VisionGO is a two-stage calculator to predict the visual outcome of an NLP eye after open globe injury, and to show the contribution of each clinical feature. NLP Study is a series research program to study the eyes with no light perception (NLP) after ocular trauma. VisionGO uses machine learning algorithms, ophthalmologists can learn the probability of an NLP eye after open globe injury regaining vision by typing in several clinical features of an NLP eye after open globe injury.
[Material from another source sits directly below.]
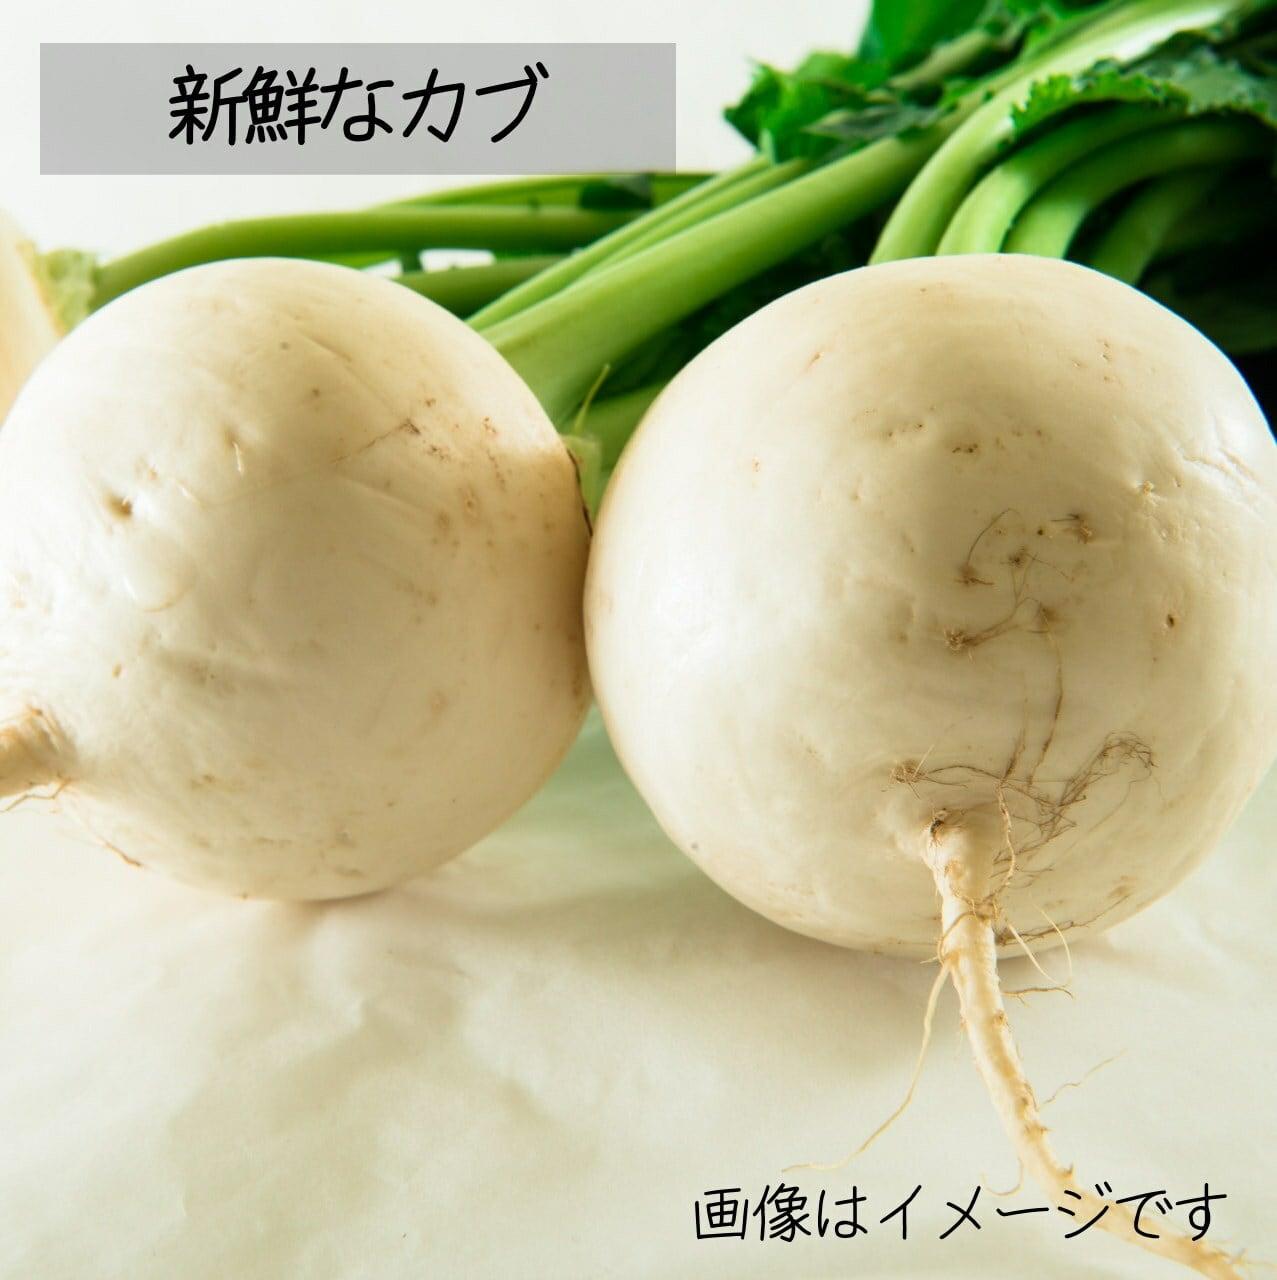 春の新鮮野菜 カブ 3~4個: 5月の朝採り直売野菜  5月29日発送予定

We hope this two-stage calculator can help ophthalmologists and patients better comprehend the severity of the injury, assist in decision-making of whether a vitrectomy should be performed, and predict the clinical course of the injured eye after performing a vitrectomy.

Pre-operative model can predict the probability of an NLP eye after OGI regaining vision by analyzing 10 clinical features observed before vitrectomy, including intraocular foreign body or not, perforating injury or not, TWL, DLP, iris status, cornea status, aqueous humor status, lens status, vitreous status, and time of vitrectomy.

Intra-operative model can predict the probability of an NLP eye after OGI regaining vision by analyzing 10 clinical features observed before vitrectomy and 6 features observed during vitrectomy, including intraocular foreign body or not, perforating injury or not, TWL, DLP, iris status, cornea status, aqueous humor status, lens status, vitreous status, time of vitrectomy, retinal residue, configuration of retinal detachment, retina status, retina reattachment, choroid reattachment, and ciliary body status.